In 1969 Arlene Blum -- who two years ago led a team of women in the first American conquest of Annapurna -- applied to join a climb in Afghanistan. After several months she got an answer that acknowledged that she was the best-qualified applicant, but went on to say:

"One woman and nine men would seem to me to be unpleasant, high on the open ice, not only in excretory situations, but in the easy masculine companionship which is so vital a part of the joy of an expedition. Sorry as hell."

Women have been climbing the high Himalayas for 130 years, but until very recently you could still find men who insisted that "women climbers either aren't good climbers or they aren't real women," who would admit women as cooks at base camp but not as climbers, who would literally threaten to quit a climb -- as Sir Edmund Hillary once did -- if a woman went along.

When they were allowed on the mountains, they were pursued with morbid attention. No mattr that the whole team came down with dysentery; the big news that made the world wires was that the woman member had it. Her intestines made an international sensation.

"Sexism in climbing is a circular problem," said Blum, in town for an American Alpine Club meeting. "It's true, there aren't that many qualified women climbers yet, but how are they going to learn if they don't climb?"

It's a tired debate anyway: Men have longer muscles, women have more agility; men have the power, women have the endurance; men can reach higher, women's smaller feet fit into cracks and ladder-holds.

"Comparing is unfortunate, I think. It depends which men and which women.

At that level the main thing is motivation. I've taught climbing classes, and some seem like natural climbers and some are complete klutzes. But you absolutely can't tell from that which ones will be the great climbers."

At 35 Blum, a biochemist at Berkeley, is a veteran of 17 years on the big mountains. She was on the first all-woman climb of McKinley in 1970 and the 1976 American Everest expedition. Last summer she led a team of women to the world's first ascent of Brigupanth, 22,218 feet, in India. But it was the conquest of Annapurna -- at the cost of two women's lives -- that first showed her leadership qualities.

It also coaxed from her a book that probably is unsurpassed as an anatomy of a Himalayan climb. For one thing, the photos put the reader on the ridges and slopes of the terrible mountain in such a logical way that one can follow every move, every problem. More important, "Annapurna, A Women's Place" reveals a climber's world that most of us barely guessed at.

Nobody climbs a Himalayan peak just once; you climb it five or six or a dozen times: up to Camp III with kerosene, down to Base to settle a strike by Sherpa porters; back up to Camp V with crampons. And all the time there is the problem of conflicts over leadership, over supplies, over routes and philosophies of climbing.

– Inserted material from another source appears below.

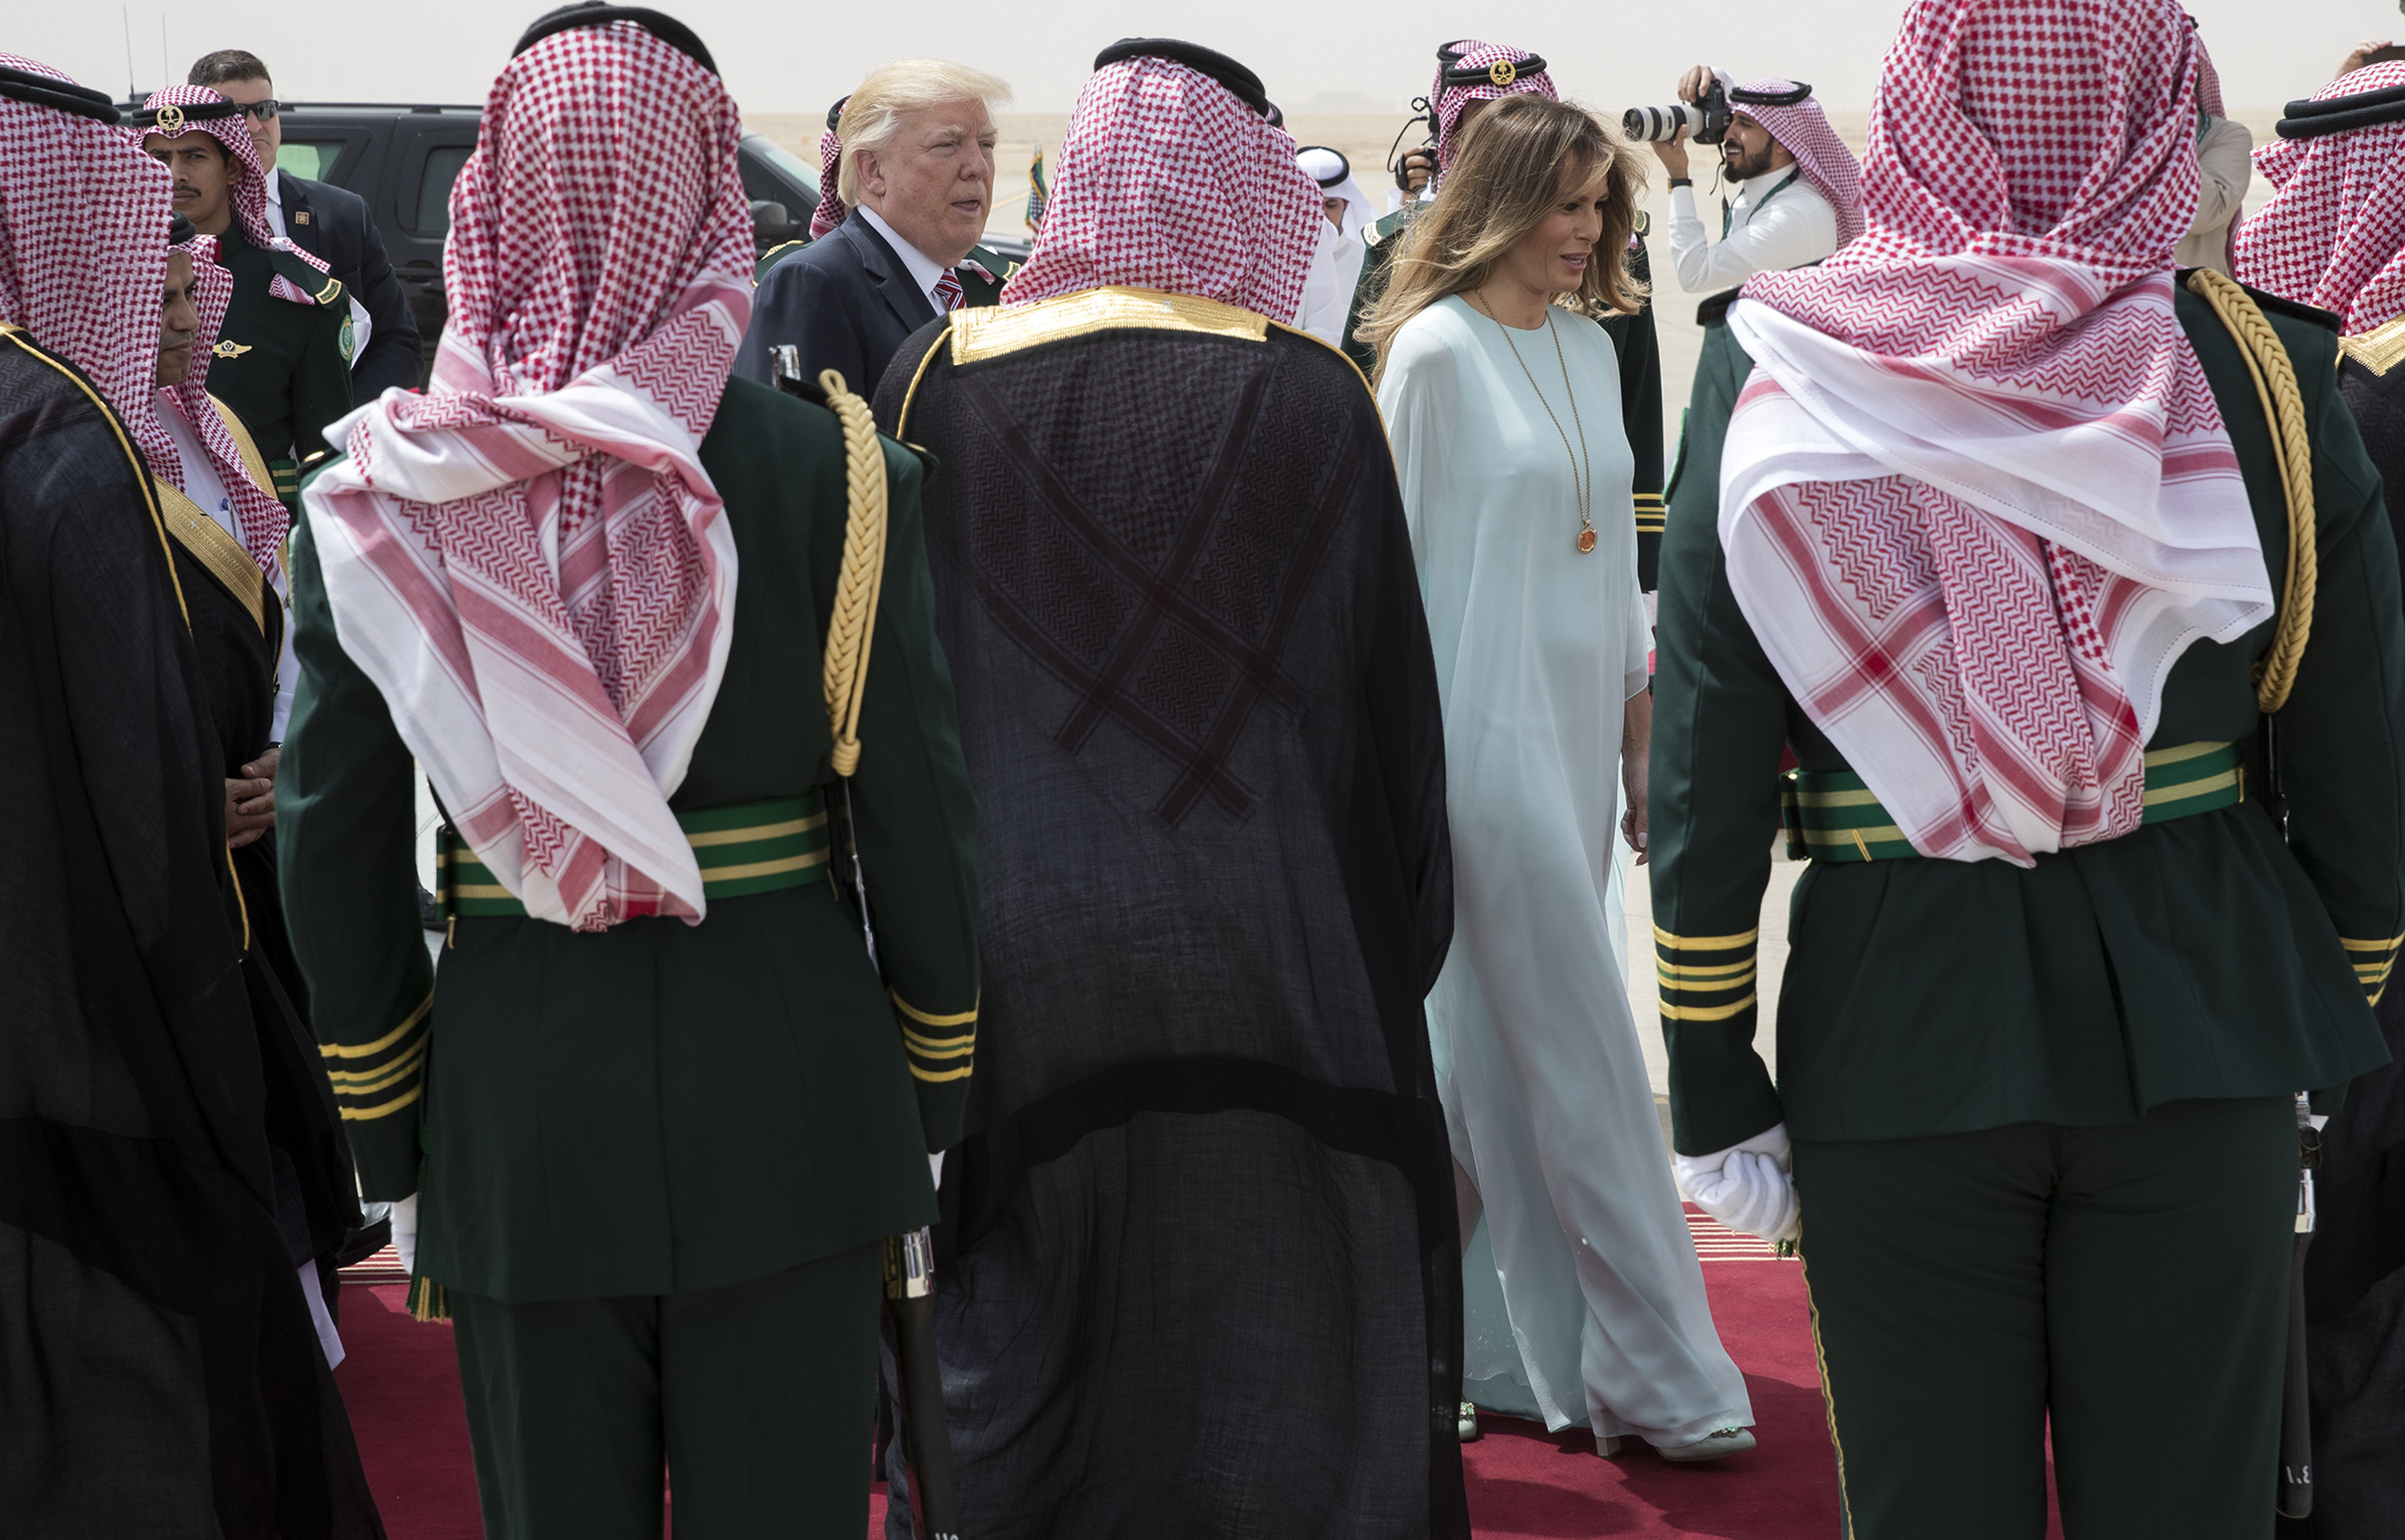 President Donald Trump and first lady Melania Trump wearing powder blue gown prepares to board Air Force One to depart for Israel from King Khalid International Airport in Riyadh, Saudi Arabia, May 22, 2017.

Some of the women wanted to keep the Sherpas from leading any part of the route; others refused to attempt the peak without them. The two women who died, Vera Watson and Alison Chadwick-Onyszkiewicz, tried it alone from the highest camp and evidently fell down the steep icy pitch into a crevasse.

"It wouldn't have made the slightest difference if they'd had Sherpas along," Blum said.

Her own decision not to go to the top was made much earlier. Many leaders don't. It is not important. "People think Hillary climbed Everest, but there were 15 others who broke their backs for months to put him there. When the avalanches started I knew my job was to keep the group organized and get us off the mountain as safely as possible."

Annapurna is a cruel mountain, even for the Himalayas. Since it was first conquered in 1950 by Maurice Herzog, 12 expeditions have attempted it. Eight climbers reached the top; eight others died. Blum's team was bombarded by scores of avalanches, some two miles wide. At the Khumbu icefall on Everest, she had noted that climbing was safer in early morning before the sun hit the slopes. But here that didn't work. There was no safe time.

"It wasn't till a year later that I began to regret not having got to the top. At the time my job was obvious to me. But there's nothing like the thrill of leading a party, with that untouched world in front of you, and it's up to you to pick a way through the maze."

Women are gradually being accepted into climbing, she believes, though she refuses to be drawn into debates about all-women's groups and balanced teams (the problem there being that if you have one man and nine women, the man just naturally assumes that he'll lead). She plans to go to China next year for a major climb, and when she's not practicing on the California mountains, she jogs daily to keep an edge.

"A lot of academics and scientists climb," she said. "I work in science policy, on the causes of cancer, and you never seem to finish anything, there's always another experiment, another test. But with a mountain, you can climb it and that's that."

Still, she doesn't recommend Annapurna to the hopefuls who come to her for advice. It's dangerous, she says. And if Arlene Blum says it's dangerous . . . it's dangerous.